蒼山下的小鎮,是附近唯一的落腳點,更是通往蒼山的咽喉要塞。

前幾日的浮雲都伏擊,等到殺陣自行崩塌後,整個隊伍都不剩幾個活人了。

陸望予算是紮紮實實地,近乎把所有宗門的仇恨都拉了個遍。

殷遠山也被狠狠落了面子。他活了那麽些年,身旁侍奉的,哪一個對他不是尊敬有加?偏偏被一個橫空出世的小子被逼成這樣。

他能将膽敢對他不敬的瑤閣首席打斷腿,還怕處置不了一個陸望予?

可偏偏,在陸望予禦劍逃離後,尋妖司南似乎都沒了效果,他們沿路搜尋到蒼山,竟是一點反應都沒有。

要麽是陸望予藏入荒山深處,難以感應,要麽就是他又找到了隐藏妖氣的法子……

“長座大人,還可能是那個妖族已經伏誅了。”

“斬月劍乃我青涯至寶,雖此次只是用了一道劍意,但也是那個妖族抵擋不住的存在!”

山羊胡的長老還在一旁喋喋不休,就跟市井街頭叫賣的小攤販一般,極力想證明斬月劍的威力。

殷遠山還必須得耐着性子聽他們這種無聊的話。

證明那個妖族死了有什麽用?

他若是伏誅了,陸望予去蒼山的理由便少了一個。

容晟府的陣法圖紙沒有往虛獄裏送,便只能送到極北蒼山。

而恰好陸望予身邊,又跟着一個身份不明的妖族,這一定就是南嶺留的後手。

若是妖族一死,姓陸的不往蒼山去,而是又往人間一藏,瑤閣沒了尋人的手段,便真成了大海撈針。

簡直是鼠目寸光,愚不可及!

如今,瑤閣與各門派的修士們只能暫時在蒼山鎮中休整,嚴加警戒。

先在此處等着陸望予,看他是否會自投羅網。若他還執意闖蒼山,便叫他有來無回。

若是那個妖族真的死了,陸望予決定改道人間,那只怕是又要花上更長的時間,耗費更多的精力了。

但是無論怎樣,陸望予都将無處可逃。

此人,不可饒恕!

正當殷遠山在駐點處阖目休息,思考下一步的對策時,一個瑤閣弟子竟是忘了通報,便火急火燎地闖了進來。

“長座大人!陸望予來闖蒼山了!”

“什麽?”殷遠山一瞬間睜開了眼,眸中厲色一閃而過。

“只他一人,剛過峽口,便直奔此處而來。哨點的駐守弟子發現了,便命我來報!”

“只他一人?”殷遠山心生暗疑。

陸望予心性過人,又詭計多端。他這般獨身闖蒼山,不是盲目自信且還留有後手的話,就是前來送死的。

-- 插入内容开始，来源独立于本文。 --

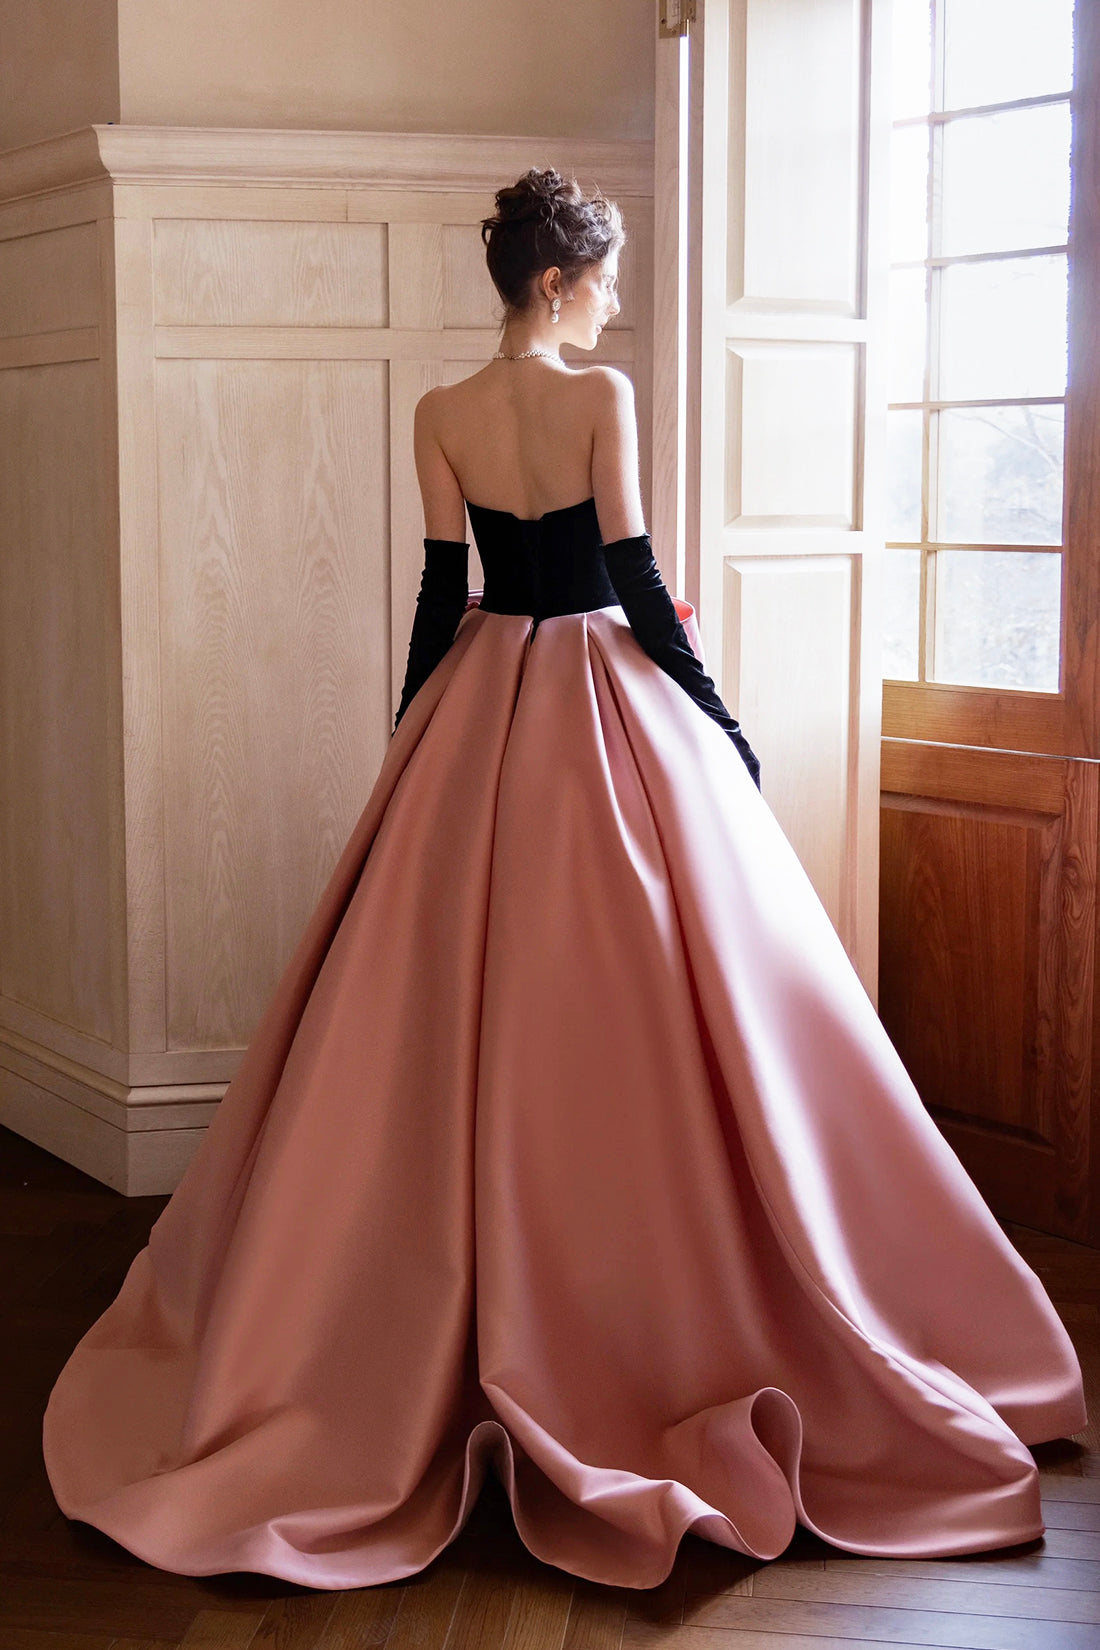 Black Velvet and Satin Long Formal Dress, Beautiful Strapless Evening Party Dress with Bow

而根據前幾日浮雲都的慘敗,以及他對陸望予的了解來看,他不是一個會貿然行事的人。

只他一人,怕是背後還有什麽陰謀。

不過,這也是他們的一個機會!

哪管他陰謀陽謀,在絕對的實力面前,都不過是紙糊的老虎,不堪一擊。

殷遠山不再遲疑,他厲聲吩咐道:“通知所有修士做好準備,同時,讓守衛的弟子提高警惕,留意周圍是否有異!”

“是,長座大人!”

蒼山鎮瞬間成為了一個銅牆鐵壁的堡壘,所有駐守的修士,皆提上了自己擦得锃亮的武器。

這些時日,他們枕戈待旦,日日夜夜恨不得生啖了陸望予的肉。

而經佛心寺無恕大師之口,他們更是知道了當年那個被隐瞞的禍世卦象。

怪不得如今整個修真界雞飛狗跳,皆是陸望予鬧出來的。

嗜血亂世,此賊當誅!

他們便是凜然正道的衛道者,付盡鮮血,只為将這個禍害除去。

此時的蒼山鎮外,黑衣男人手中提着一把暗沉無光的刀,他身上系着的鷹紋披風,在凜冽的風中飒然飛揚。

兩側山崖上的哨音凄厲地響了起來,此起彼伏。

像是一群羊羔見到了餓狼,在嘶叫着示警,又像是虎視眈眈的鬣狗見到了肥羊,在狂歡着慶祝。

既是緊張,又是期待。

但無論身旁多麽嘈雜,氣氛又是如何驟然緊繃,黑衣男人卻異常安靜。

就像是在大漠中踽行的俠客,他黑沉的眸中,只有前進的那條路。萬事不入眼,萬事不入心。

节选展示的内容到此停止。